NEW YORK (CNNMoney) - Aetna CEO Mark Bertolini will lose his job if the deal to sell the company to CVS Health closes, but he'll leave the company with about $500 million in stock and cash to soften the blow.
The bulk of that payout will come from shares of Aetna stock he already owns, as well as the stock options he already has the right to exercise, according to the company's filings.
The 925,000 shares of stock he already owns would be worth $191.5 million at the $207 per share price that CVS Health would pay for Aetna in the deal announced Sunday. He would also net $222.5 million from his existing options.
Of course the deal is not a sure thing. It needs to get antitrust clearance from the Justice Department and courts.

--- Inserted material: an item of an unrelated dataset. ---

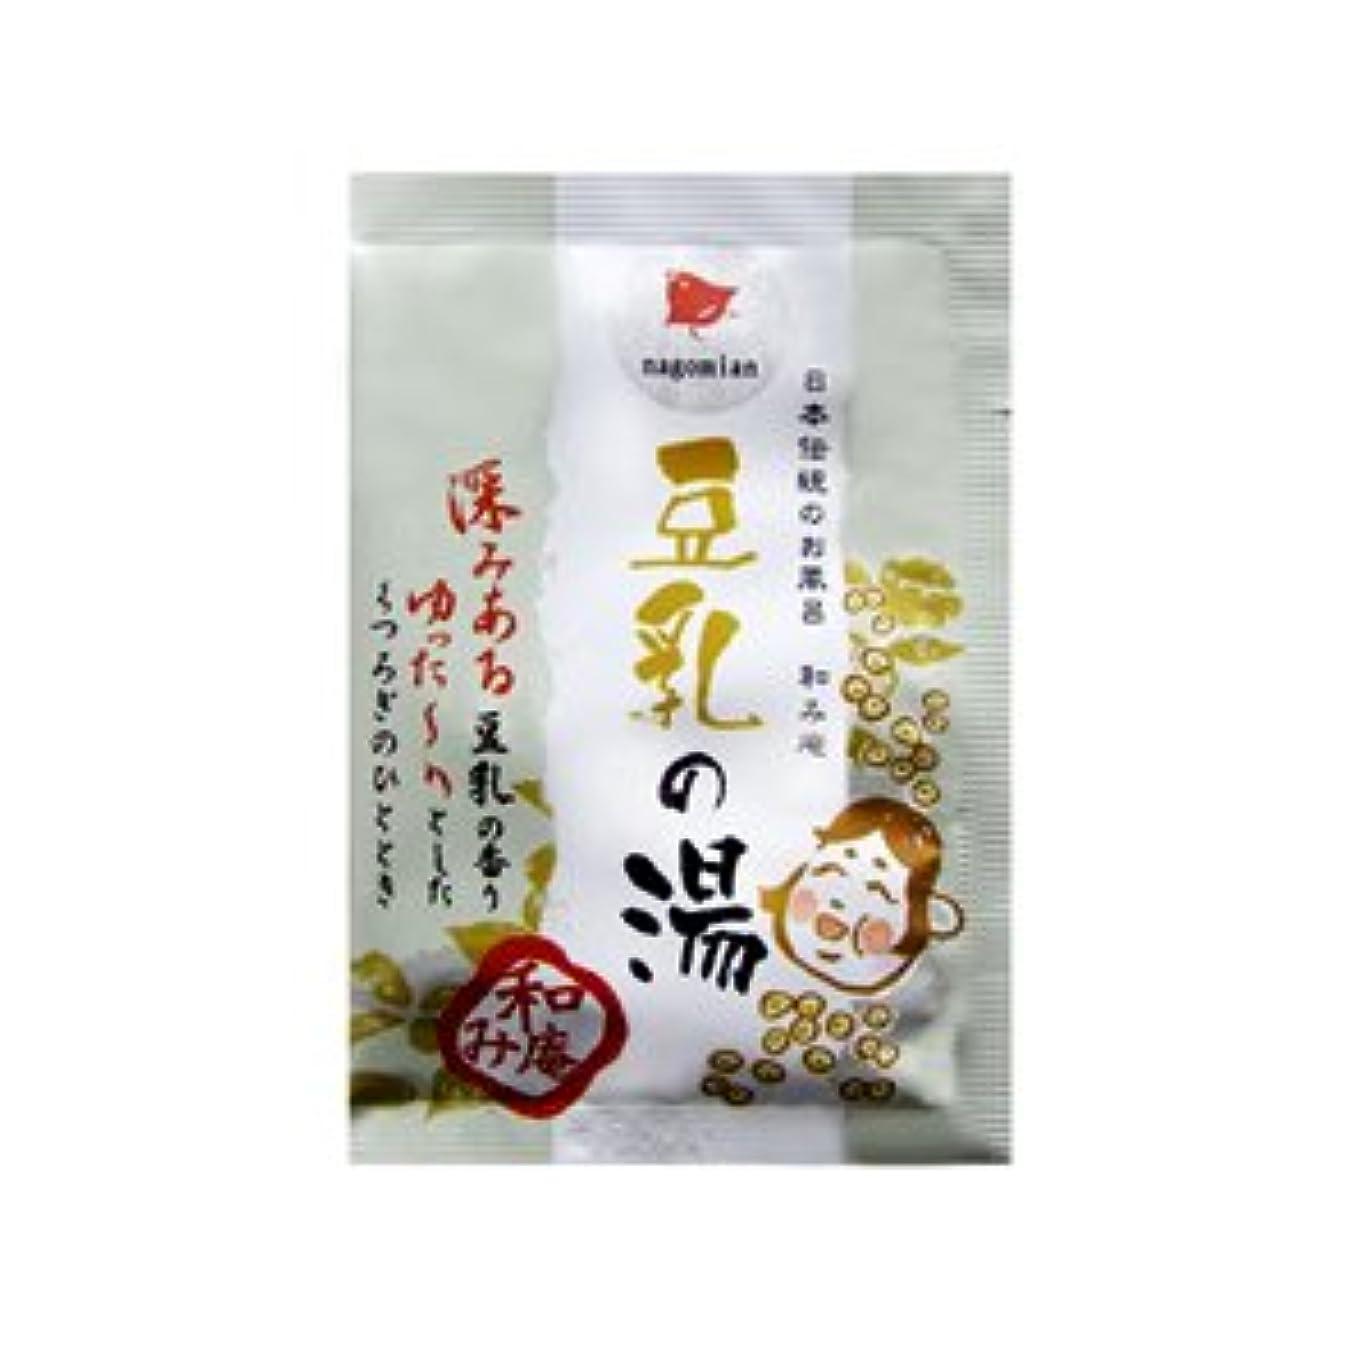 降下レッドデート評論家日本伝統のお風呂 和み庵 豆乳の湯 25g 10個セット

And part of the value of the deal is tied to CVS stock, which could fall in value before the deal is expected to close in late 2018.
Investors seem to be skeptical that the deal will close at all, with Aetna shares trading more than 10 percent below the stated $207 price.
Bertolini would also collect nearly $10 million in cash under a "change of control" clause in his compensation package, according to analysis by executive compensation firm Equilar. That provision would also accelerate stock option vesting that would add another $70 million to his net worth.
Bertolini, 61, has been at Aetna since 2003, and CEO of the company since 2010. Even though shares are trading well below the $207 merger price, they are up more than 400 percent since he became CEO.